Un désastre pour la flotte, un naufrage pour Vichy, une victoire politique pour De Gaulle
Le bilan au soir du 27 novembre fait état de 90 % de la flotte sabordée, dont la totalité des Forces de haute mer. Tous les grands bâtiments de combat sont coulés et irrécupérables. Certains seront par la suite renfloués mais ne feront jamais que de la ferraille. Ce sont au total 235 000 tonnes sabordées dont 3 cuirassés, 7 croiseurs, 15 contre-torpilleurs, 13 torpilleurs, 6 avisos, 12 sous-marins, 9 patrouilleurs et dragueurs, 19 bâtiments de servitude, 1 bâtiment-école, 28 remorqueurs et 4 docks de levage. Seuls 39 bâtiments seront capturés, tous de petit tonnage sans grande valeur militaire car sabotés, endommagés, ou pour certains désarmés.
Pour les Allemands, l’opération Lila se solda donc par un échec, dû au retard du second groupe allemand (celui venant de l’Ouest), à la qualité des « liaisons marines » et à la parfaite mise au point des consignes de sabordage.
Si le chef du gouvernement, Pierre Laval, a tenté par deux fois d’interrompre l’opération, préférant livrer la flotte aux Allemands, la plupart des Français, y compris à Vichy, y voient un acte de courage. Le régime de Pétain censure au maximum les informations au sujet de cet épisode qui non seulement prive l’État français de son dernier symbole de puissance, mais révèle la vraie nature et le déséquilibre total du pacte noué avec Hitler. En Allemagne aussi, les images de l’événement sont rares, les commentaires très évasifs.
En revanche, le naufrage de Vichy réhausse la réputation des Français auprès des Alliés. Les images des navires coulés par leurs propres marins, au lieu de signifier la défaite de la France ou, comme à Mers-El-Kébir, la tension entre Alliés, représentent une victoire politique : l’entrée définitive de la France Libre de De Gaulle dans la coalition antinazie.
Il n’a jamais été question que la flotte se rallie à De Gaulle puisque Darlan était à Alger. Pour Vichy et pour les amiraux, l’ennemi était anglo-américain. Il s’agissait de venger Mers-El-Kébir, et même Trafalgar ! S’ajoute le sacro-saint devoir d’obéissance.
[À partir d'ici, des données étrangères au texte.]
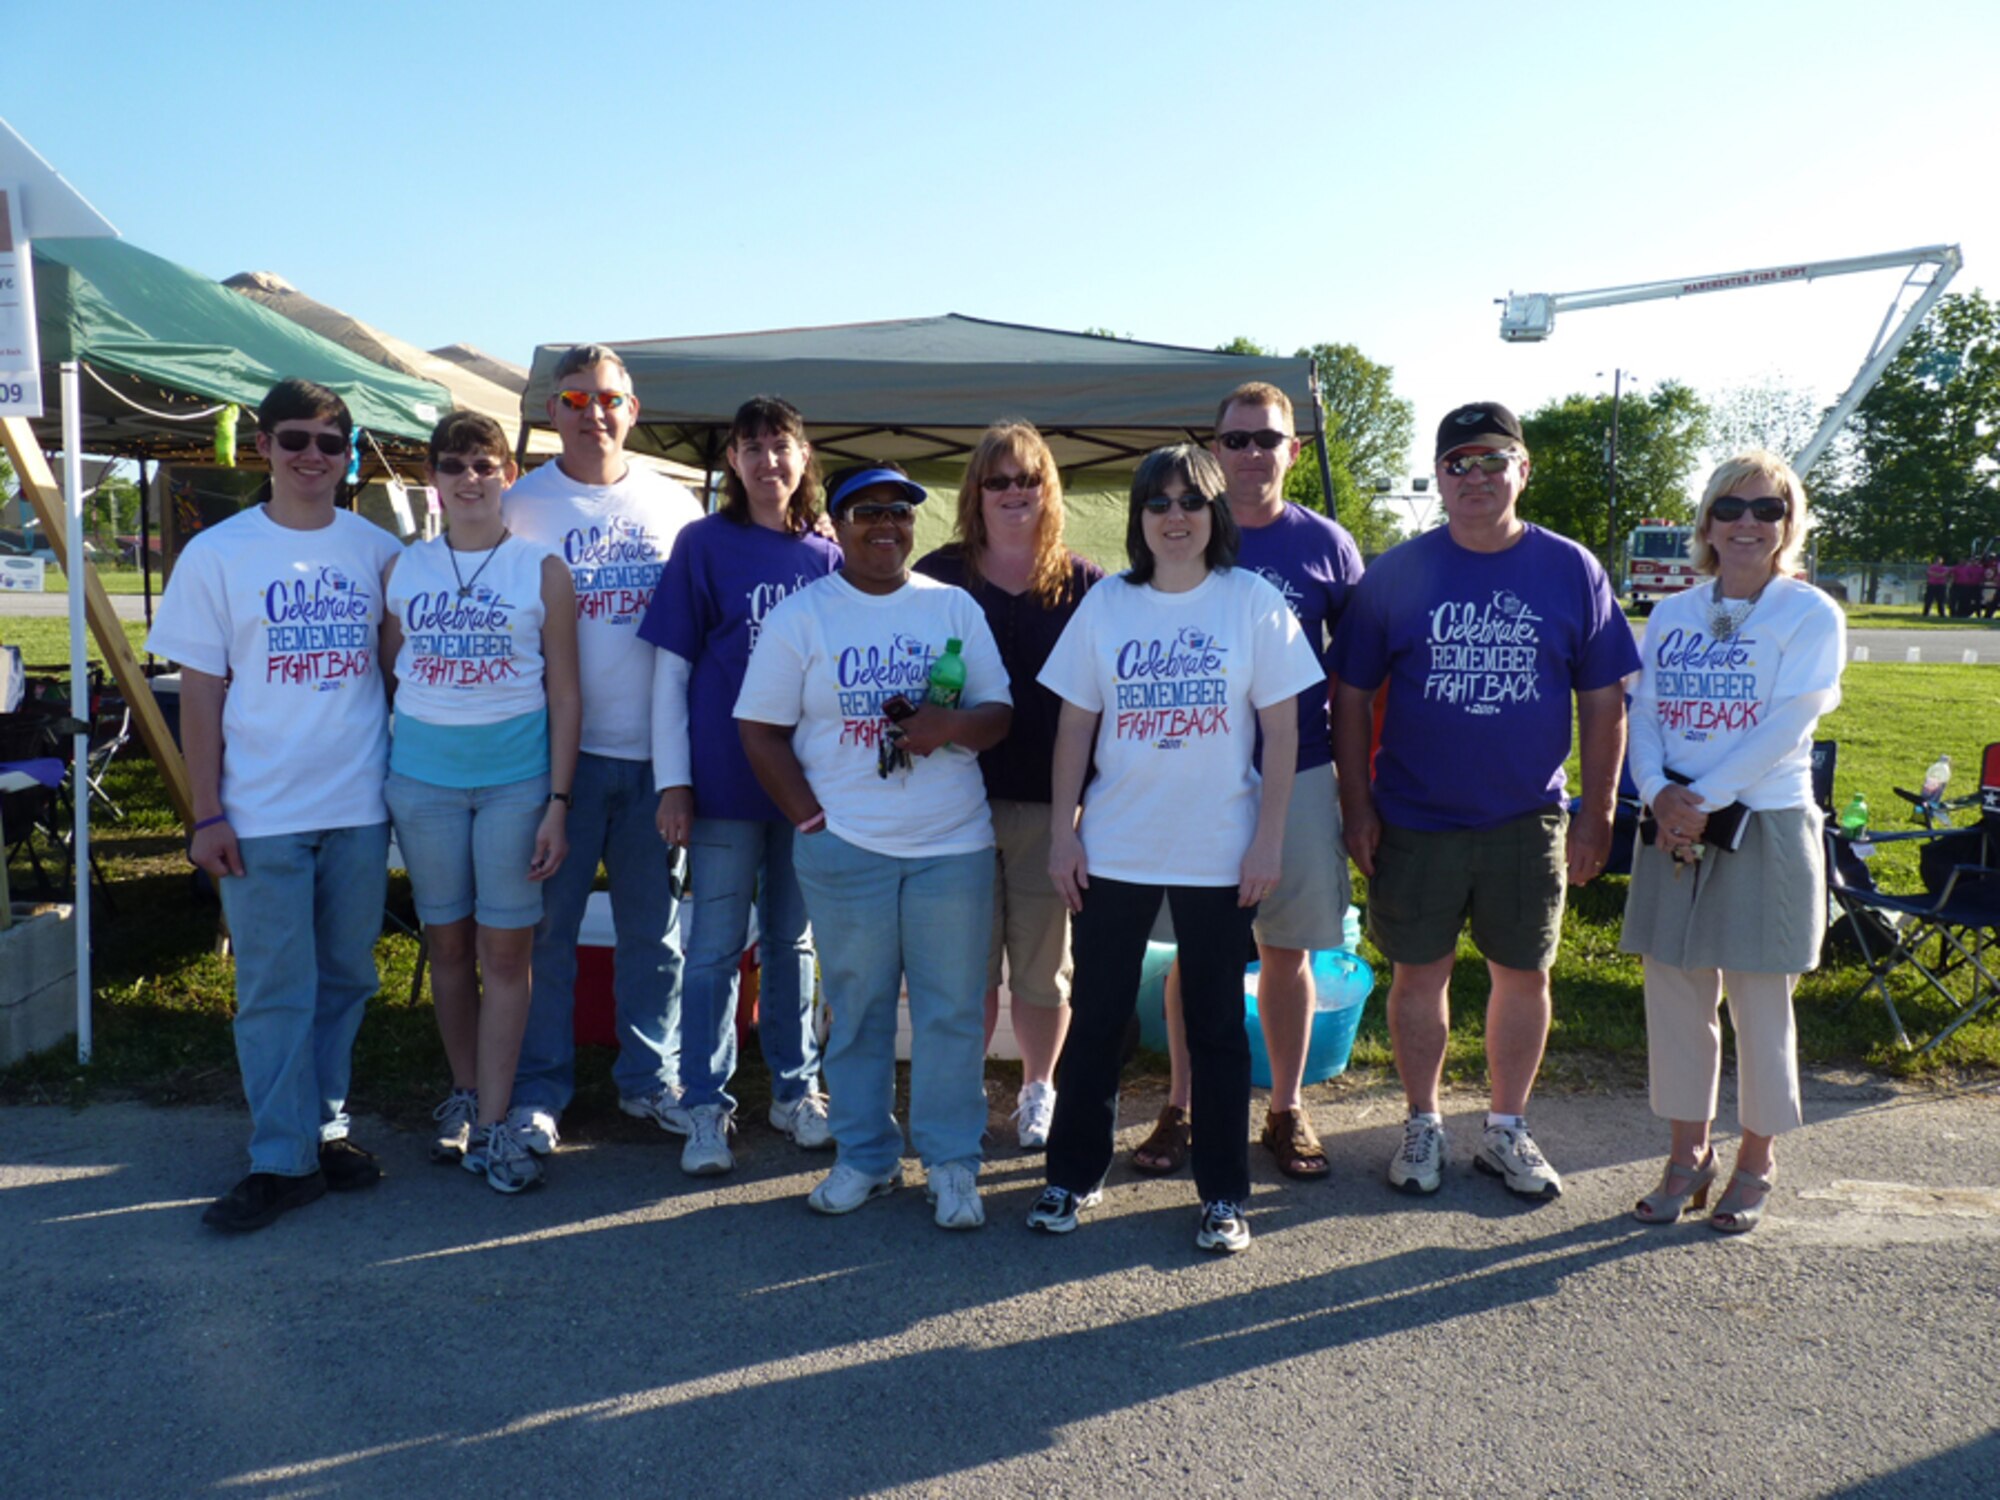 AEDC’s “Remember” team at the annual Relay for Life April 29 consisted of Scott Tucker, Amber Wolfe, Shawn Wolfe, Dee Wolfe, Danita Harvey, Tanya Haggard, Donna Paredez, Bryan Larson, Rick Ferrebee and Kathy Swanson. (Photo provided)
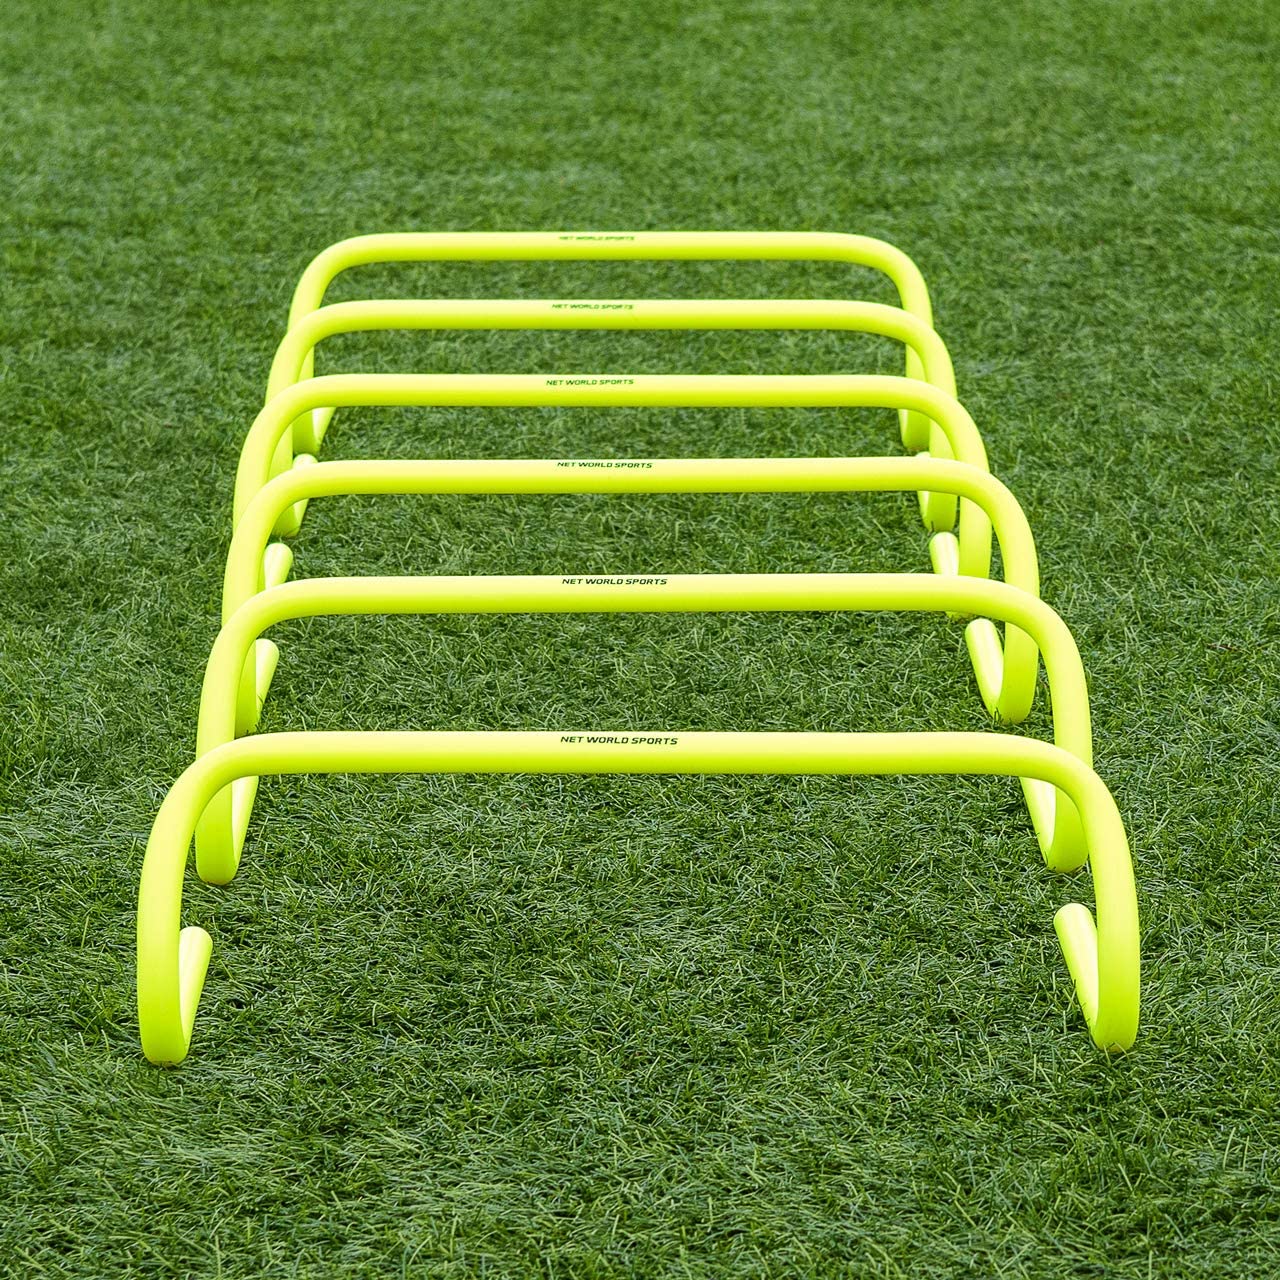 Agility Training Hurdles, 5-Pack - Hi Visibility Speed Endurance Indoor/Outdoor Practice Equipment for Track & Field - Fences for Sports Team Condition & Coaching Football, Soccer, Cross Country - applecome

Les marins ont obéi en pleurant. Ils étaient attachés à leurs navires. On a découvert après la guerre un mouvement communiste au sein des ouvriers des arsenaux, mais pas assez puissant pour s’opposer aux amiraux.
Si De Gaulle se félicite officiellement, il est en réalité furieux. Toute la presse présente le sabordage comme un acte héroïque : les Allemands n’ont pas pu s’emparer de la flotte. Devant l’unanimité de la presse, De Gaulle adopte une position opportuniste.
L’amiral Auphan et l’Association pour la mémoire du maréchal Pétain ont longtemps défendu le sabordage. Les chefs de la marine française se sont montrés aveugles. L’épuration des amiraux a été « impitoyable » dans un premier temps, sous l’impulsion de ministre Jacquinot. L’amiral Laborde a été condamné à mort. Puis tous ont été graciés et rétablis dans leurs droits.